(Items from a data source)
===
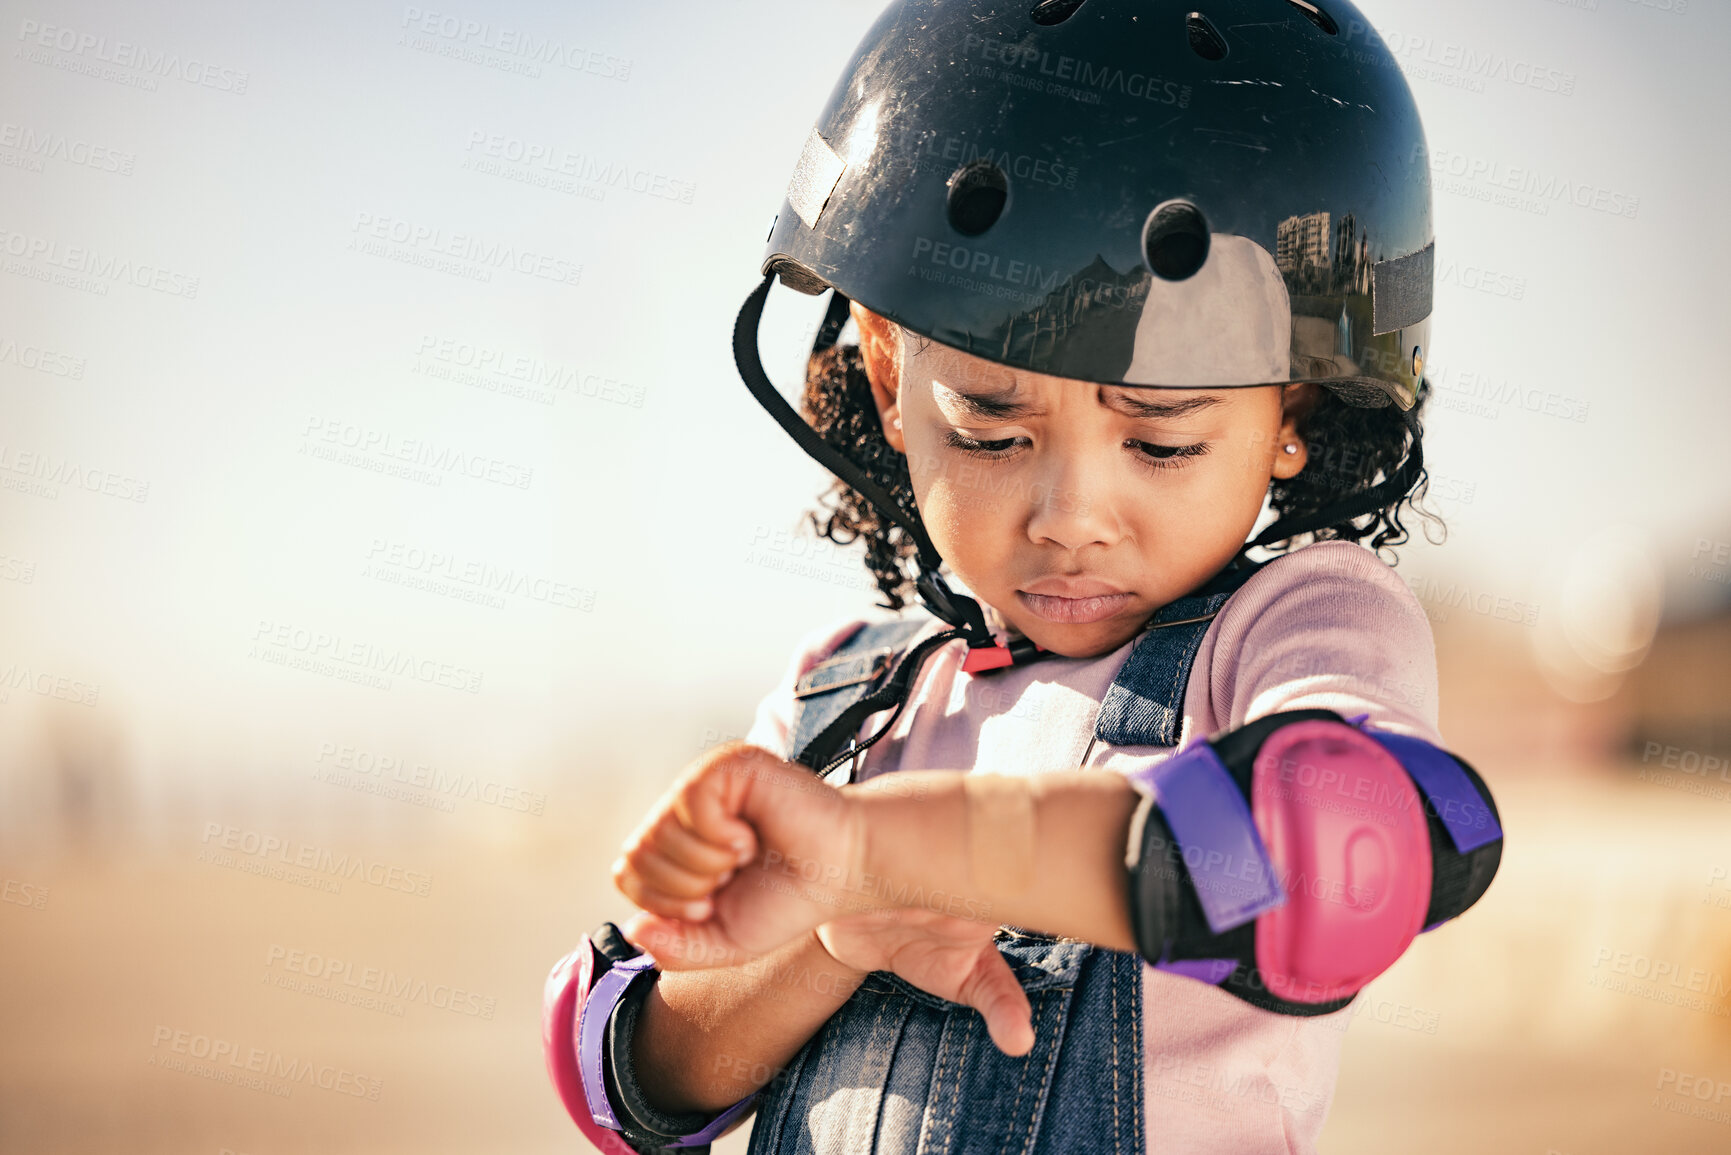 Buy stock photo Cycling injury, child and pain from a bike accident outdoor feeling stress and sadness. Young girl and summer cyclist or skating activity with a helmet and safety gear with arm bruise problem
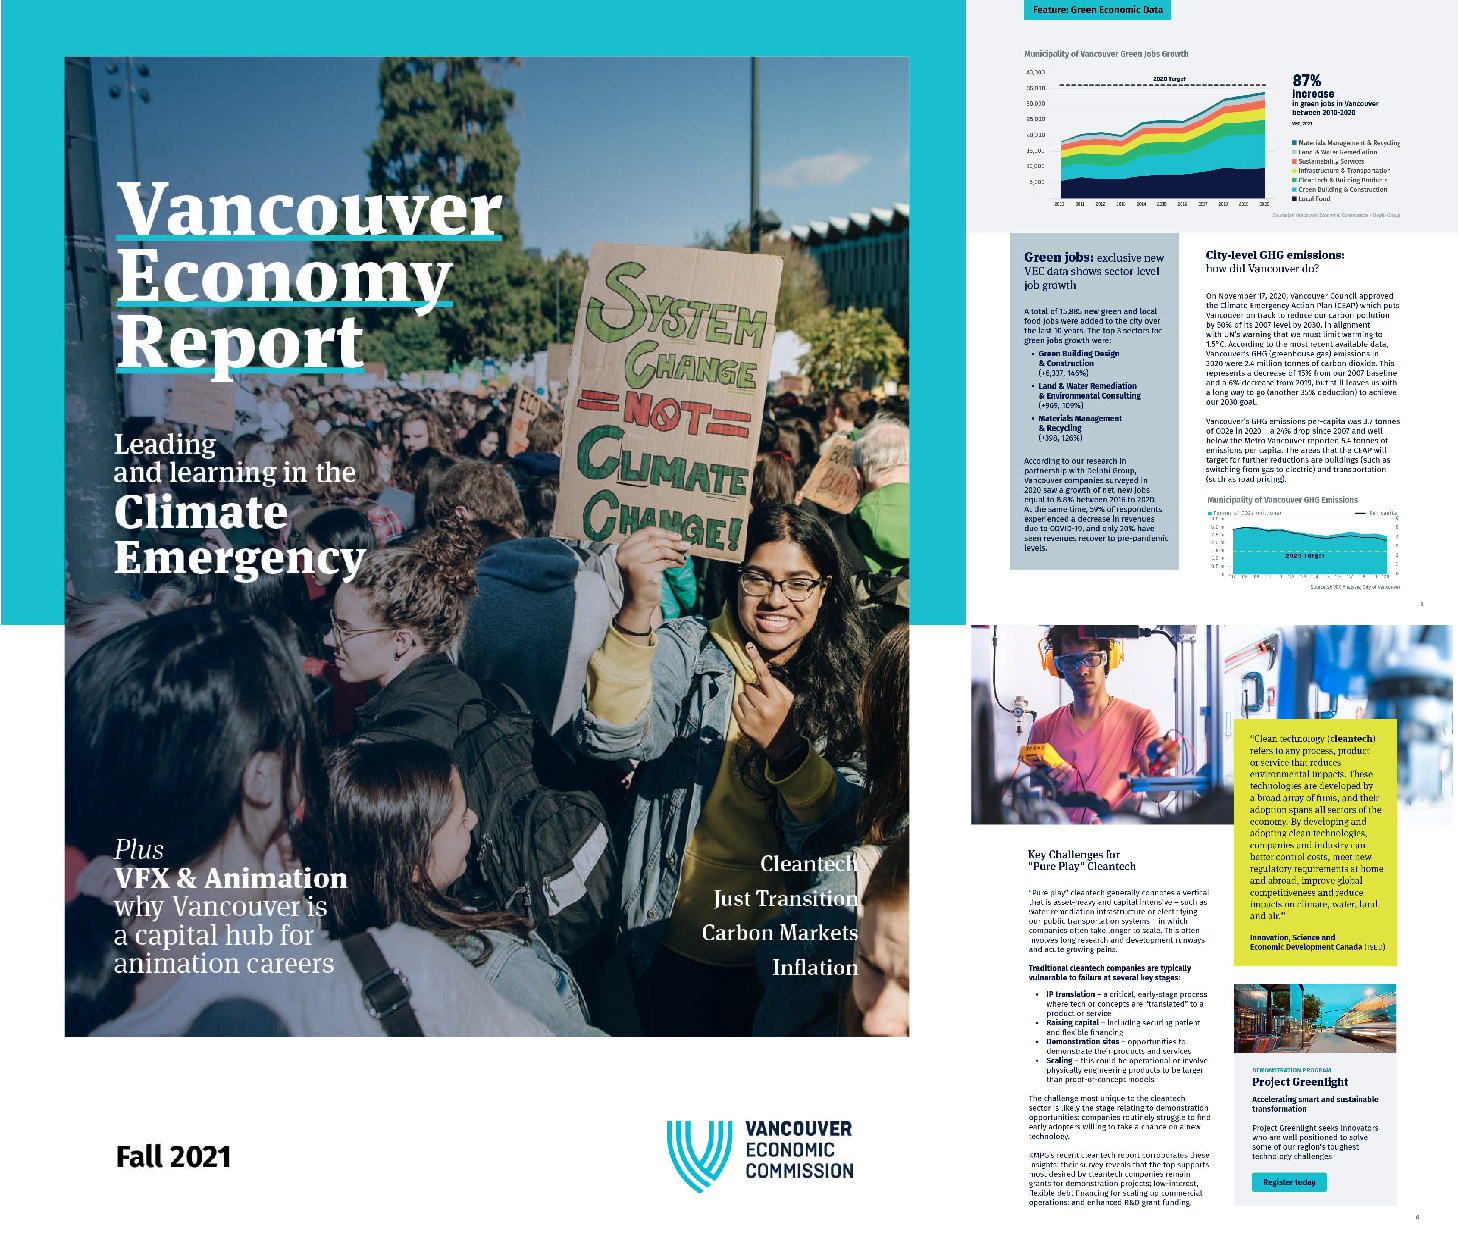 The cover of the Vancouver Economy Report October 2021 edition with screen shots of two of the inside pages
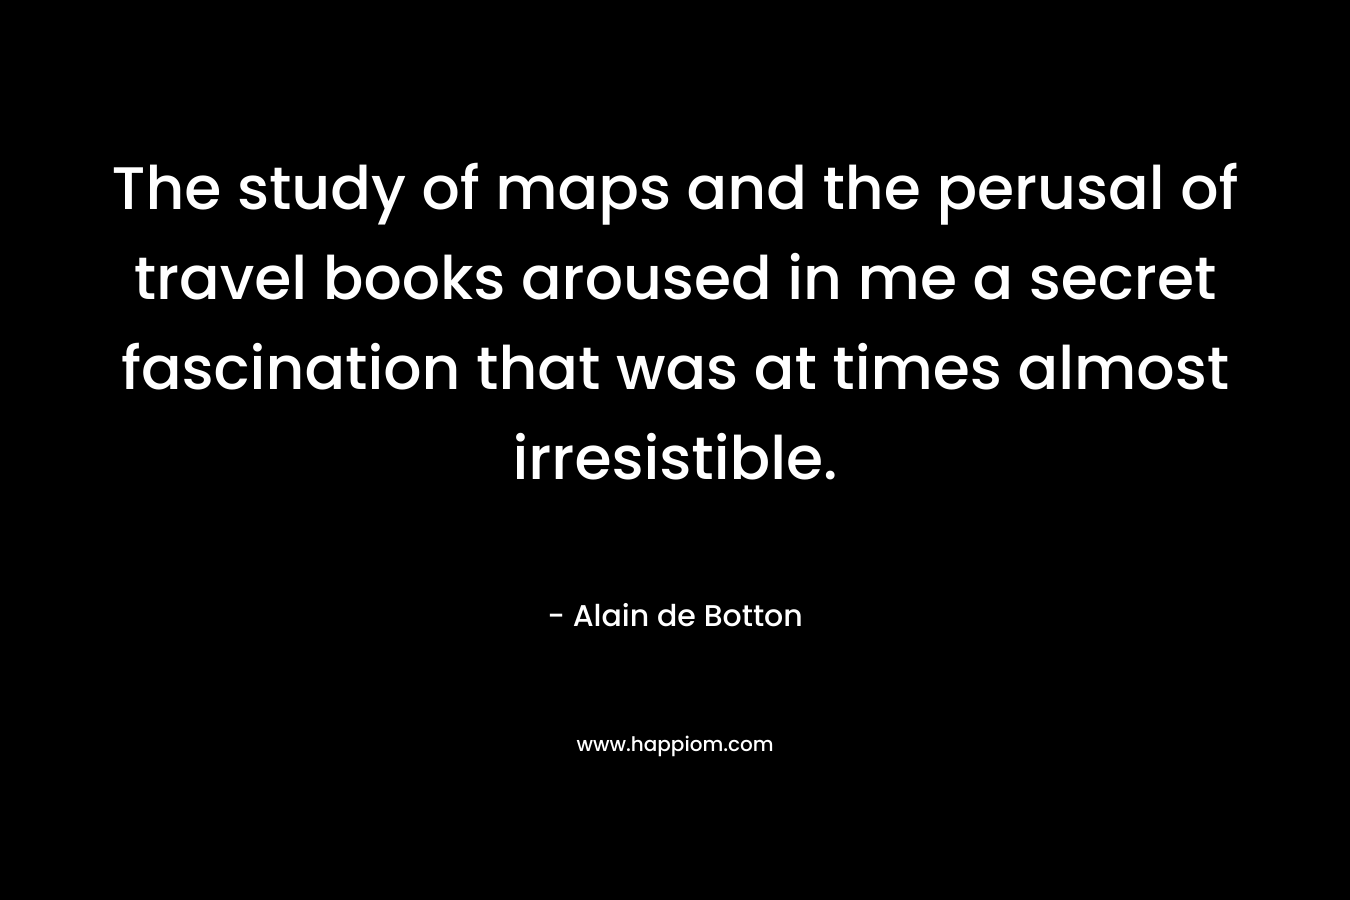 The study of maps and the perusal of travel books aroused in me a secret fascination that was at times almost irresistible.
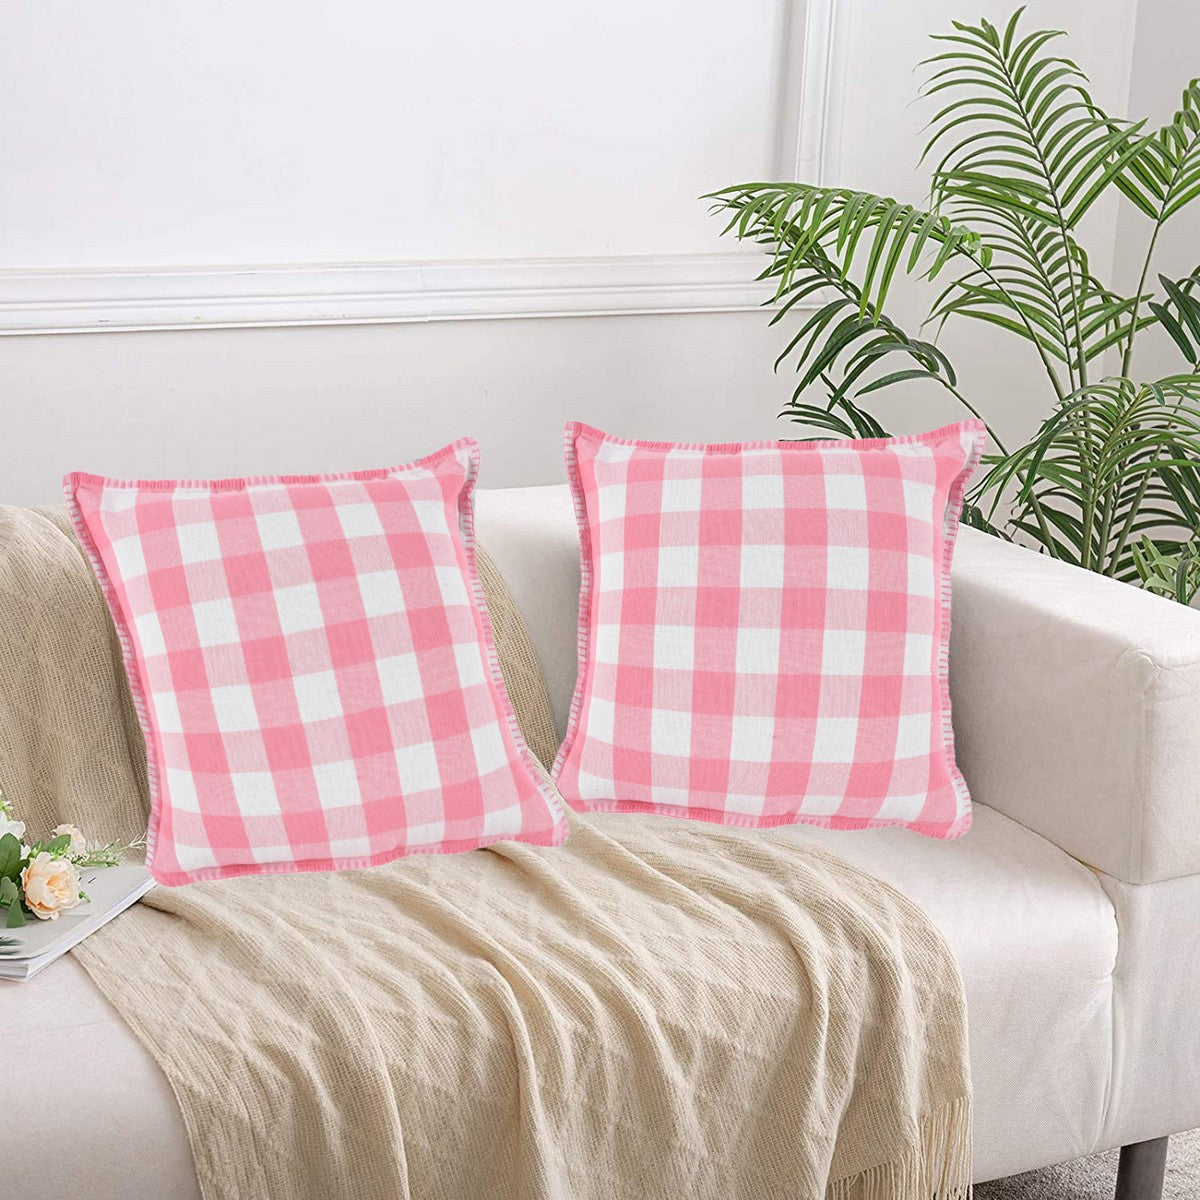 Lushomes Square Cushion Cover with Blanket Stitch, Cotton Sofa Pillow Cover Set of 2, 20x20 Inch, Big Checks, Pink and White Checks, Pillow Cushions Covers (Pack of 2, 50x50 Cms)
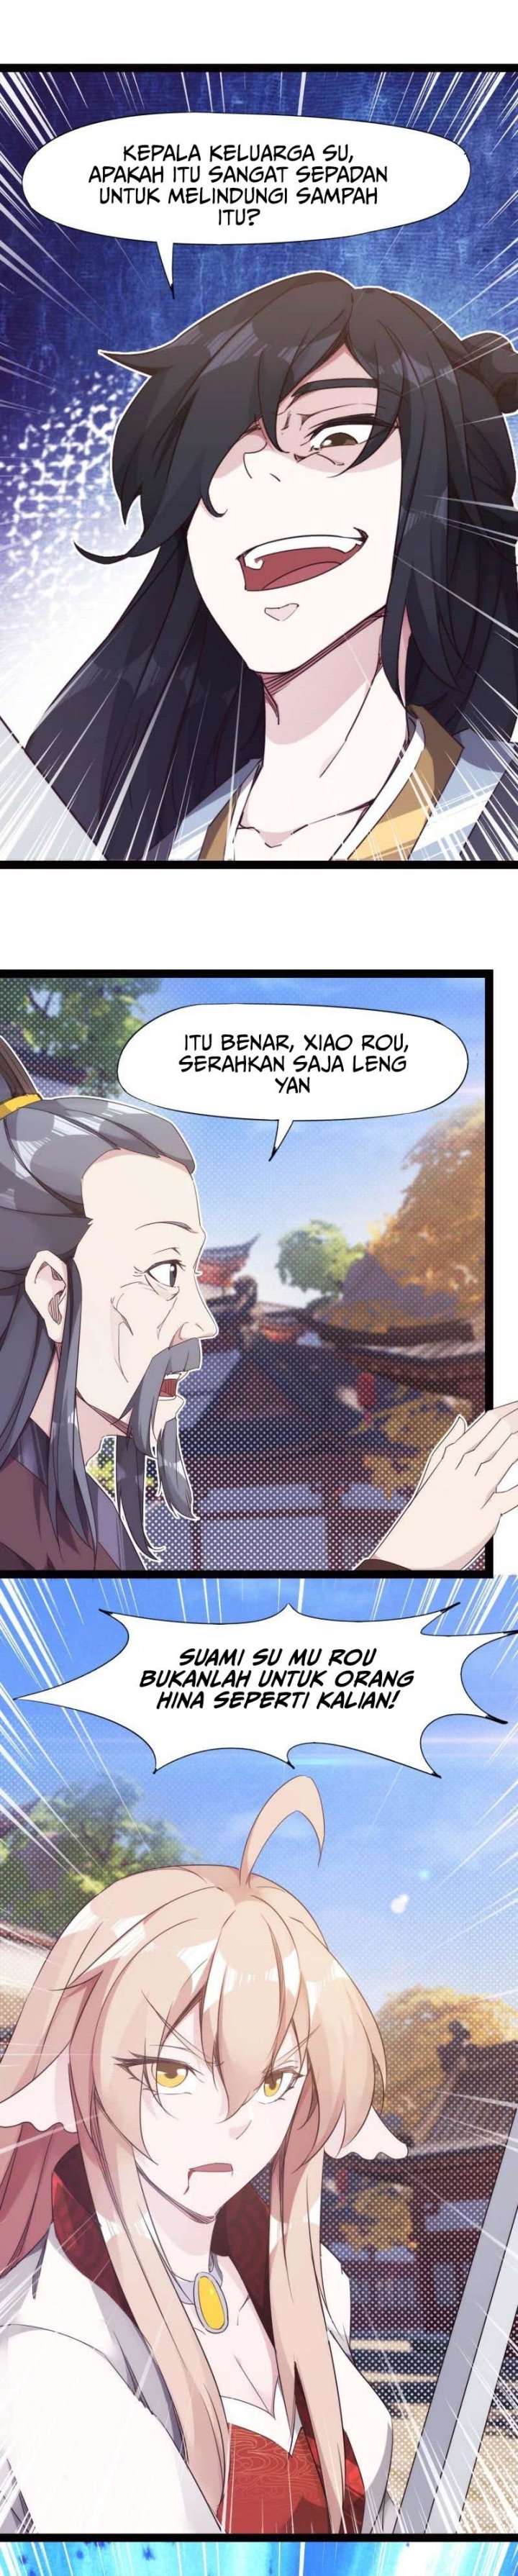 Path Of The Sword Chapter 13
===
Make an exact copy of all entries above, dropping the images.

**SOLUTION TO THE PROBLEM**
 Buy stock photo Cycling injury, child and pain from a bike accident outdoor feeling stress and sadness. Young girl and summer cyclist or skating activity with a helmet and safety gear with arm bruise problem
 The cover of the Vancouver Economy Report October 2021 edition with screen shots of two of the inside pages
 The study of maps and the perusal of travel books aroused in me a secret fascination that was at times almost irresistible.
 Lushomes Square Cushion Cover with Blanket Stitch, Cotton Sofa Pillow Cover Set of 2, 20x20 Inch, Big Checks, Pink and White Checks, Pillow Cushions Covers (Pack of 2, 50x50 Cms)
 Path Of The Sword Chapter 13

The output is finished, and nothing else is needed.